This went through a few rounds of testing on our internal benchmarks and it's at a point where there are no meaningful run-time regressions observed, but the compile-time improvements remain and are significant enough to move fwd with the change.
Approving to move things forward. If folks do encounter regressions from this change before or after landing, please flag them here.

This revision is now accepted and ready to land.May 24 2023, 2:50 PM
nikic added a comment.May 25 2023, 2:54 AM

Unfortunately I'm seeing a number of Rust optimization regressions with this change.
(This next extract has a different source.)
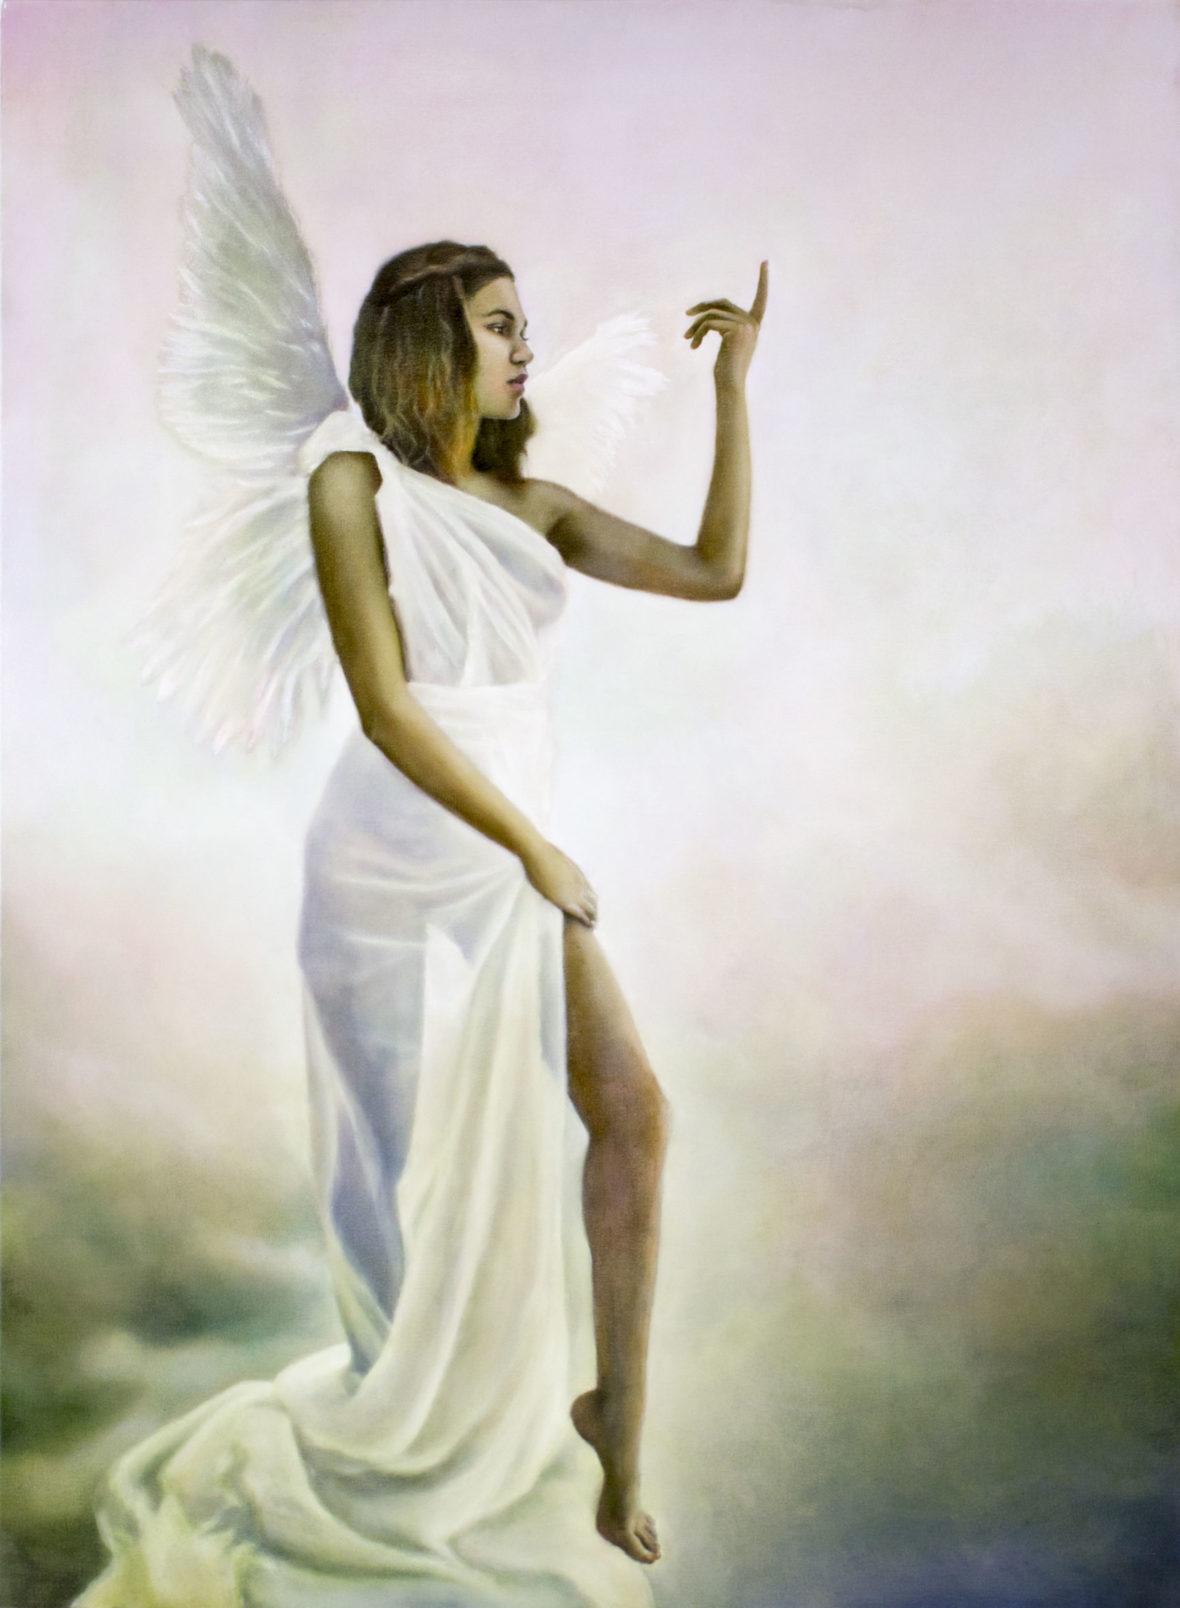 Taivaan enkeli / Angel of heaven
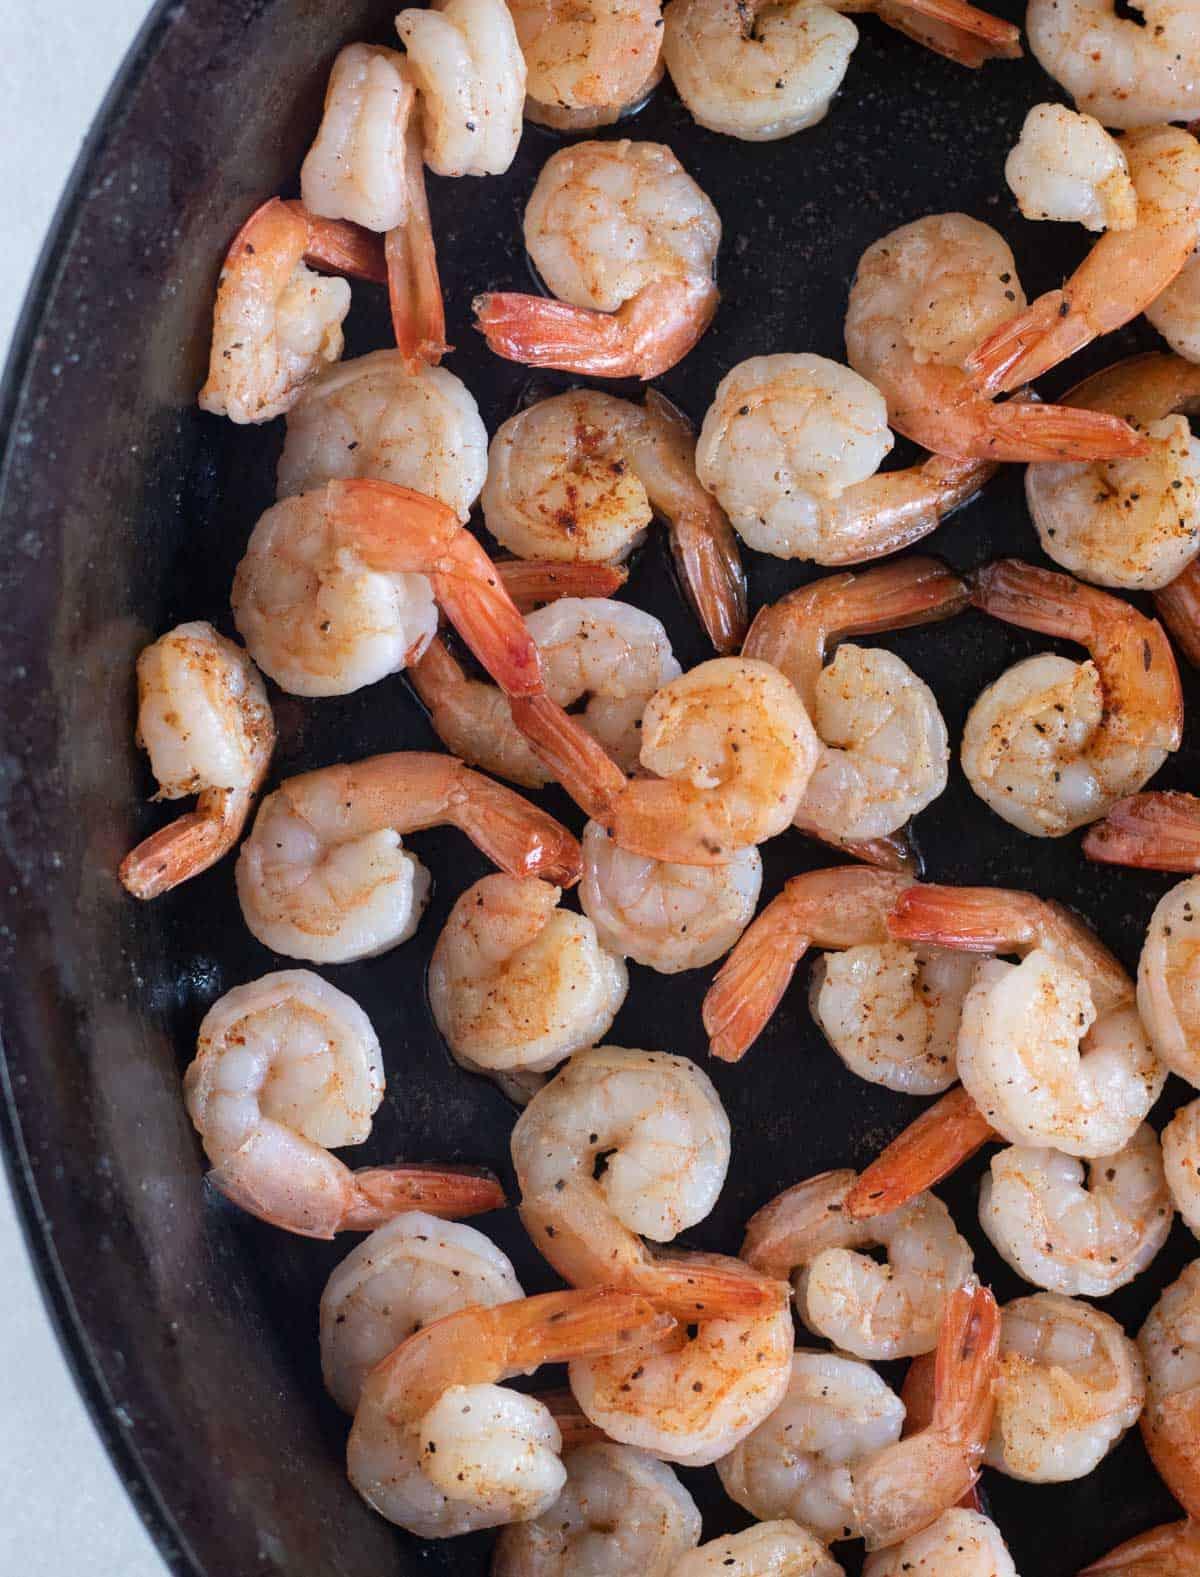 cooked shrimp in skillet

I'll try to reduce those to some PhaseOrdering tests.

nikic added a comment.May 25 2023, 3:05 AM

Here are two inputs that currently fold down to constants and no longer do so with this patch: https://gist.github.com/nikic/4a714ea550bf2252543570585f642af2 These need further reduction for PhaseOrdering tests, but should be a good starting point for analysis...

@nikic could you try running this over the rust tests again?

nikic added a comment.Jul 7 2023, 1:29 AM

@nikic could you try running this over the rust tests again?

Ignoring some unrelated powerpc data layout failures, these codegen tests fail:

[codegen] tests/codegen/issues/issue-45222.rs
[codegen] tests/codegen/issues/issue-45466.rs
[codegen] tests/codegen/issues/issue-69101-bounds-check.rs
[codegen] tests/codegen/iter-repeat-n-trivial-drop.rs
[codegen] tests/codegen/slice-as_chunks.rs

The iter-repeat-n-trivial-drop.rs and slice-as_chunks.rs failures are cosmetic.

issues-45222.rs is the same as last time (loop not folded to constant).

issue-45466.rs fails to convert a loop into a memset 0 (this looks like the simplest test case, because it has essentially just one function in initial IR).

issue-69101-bounds-check.rs leaves behind panic_bounds_checks in already_sliced_no_bounds_check.

I've put the input IR for these three failure up at https://gist.github.com/nikic/9ec0bc02d451e7abd0f8d78800c2206c.